California: Camp fire death toll rises to 71 with more than 1,000 missing

  17 November 2018    Read: 1245
California: Camp fire death toll rises to 71 with more than 1,000 missing

Rescue workers said on Friday they were searching for more than 1,000 people reported missing in a northern California town reduced to ashes by the deadliest wildfire in the state’s history, as the death toll increased to 71, The Guardian reported.

The sheriff’s “unaccounted for” list from the Camp fire leapt by hundreds of people for a second successive evening, up from 631 missing a day earlier.

Officials on Friday said remains of eight more victims had been found in and around the town of Paradise. The Camp fire, which erupted a week ago in the Sierra foothills 175 miles (280km) north of San Francisco, is the country’s deadliest in a century.
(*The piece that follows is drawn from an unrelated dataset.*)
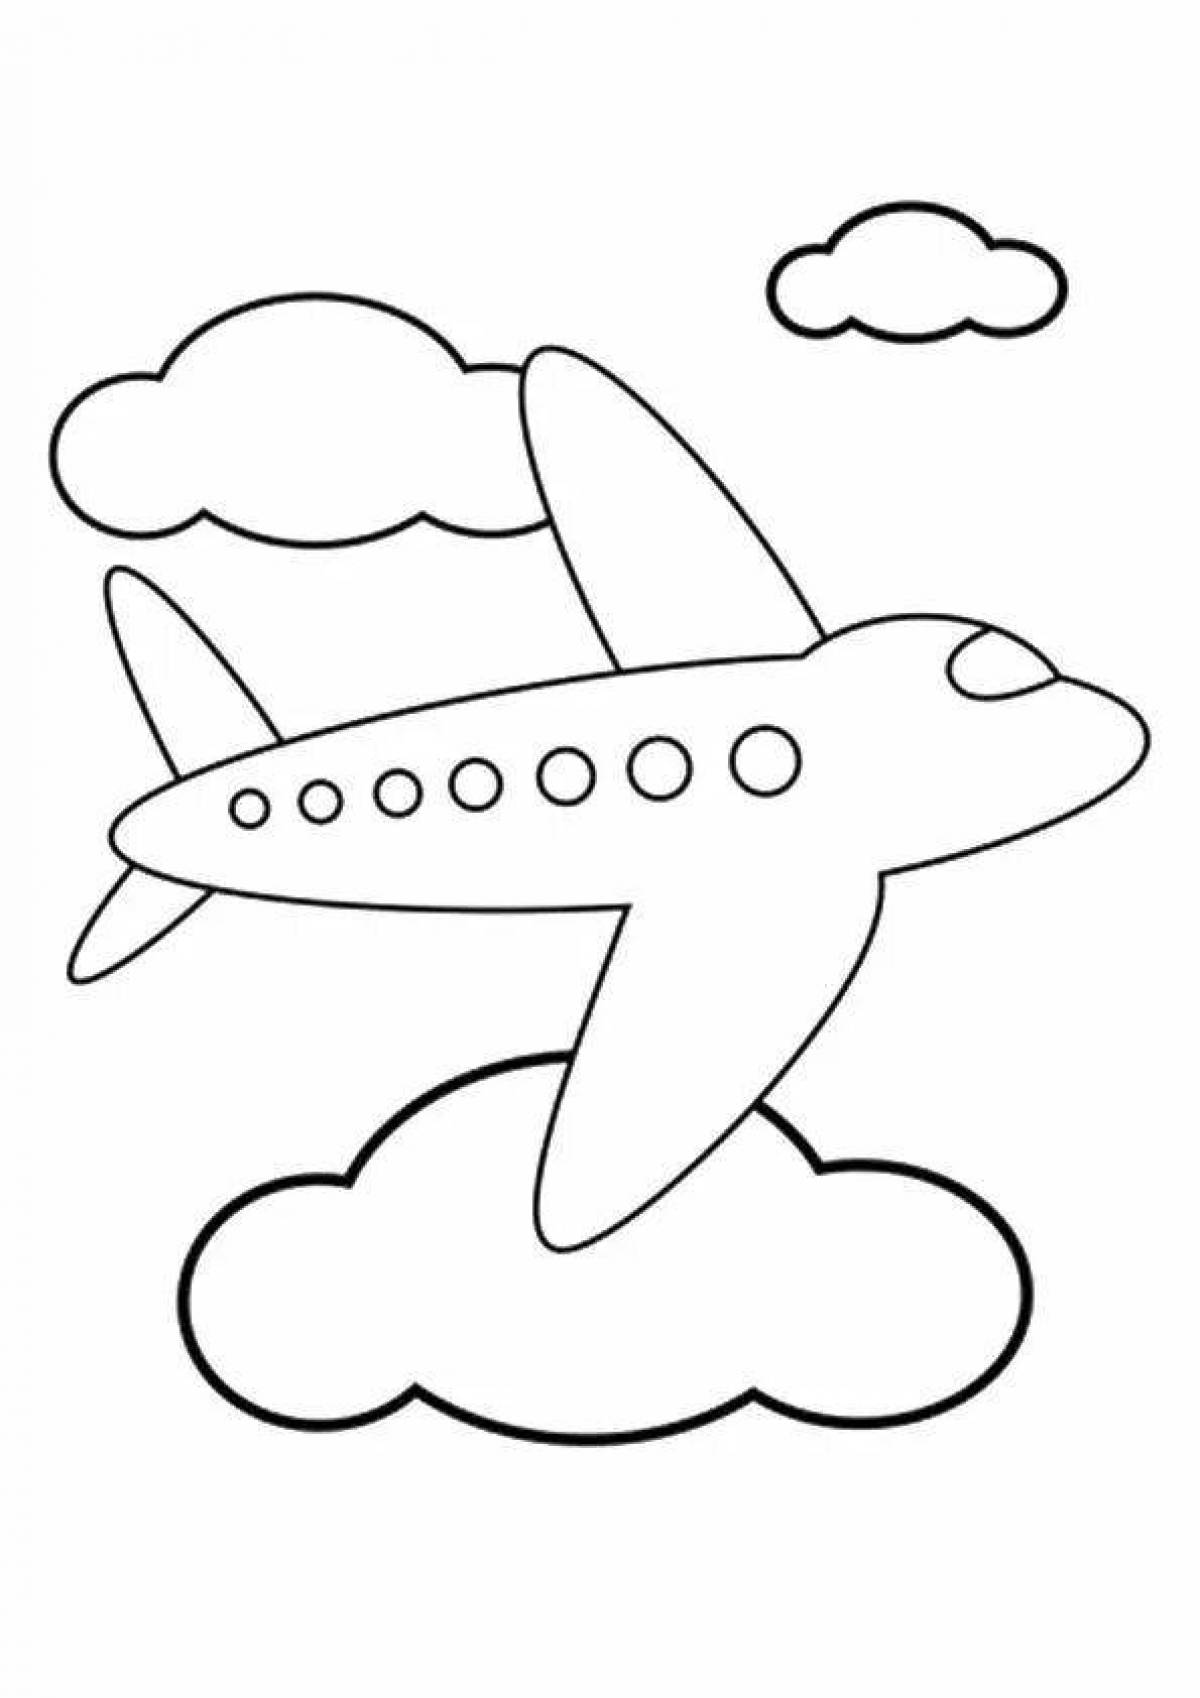 Привлекательная страница раскраски с рисунком самолета

The Butte county sheriff, Kory Honea, said Friday that a list that he released Thursday of 631 names has now increased to 1,011 names. He called it “a dynamic list” that would fluctuate up and down and urged the public to consult the list to see if their names are on it and let authorities know if they are OK.

The White House announced that Donald Trump would visit California on Saturday to meet with victims of the deadly wildfires raging in northern and southern California.

Critics say Trump politicized the fires by casting blame on forest mismanagement; he repeated his statements in an interview with Fox News to be broadcast Sunday.

Authorities attribute the death toll in part to the speed with which flames raced through the town of 27,000, driven by wind and fueled by desiccated scrub and trees.

Nearly 12,000 homes and buildings burned hours after the blaze erupted, the California department of forestry and fire protection (Cal Fire) said. The fire left a ghostly expanse of empty lots covered in ash and strewn with debris.

Thousands of additional structures are still threatened as firefighters, many from distant states, labored to contain and suppress the flames.

The big rise in the number of missing is because of a detailed review of emergency calls and missing people reports, and the extension of the search for victims.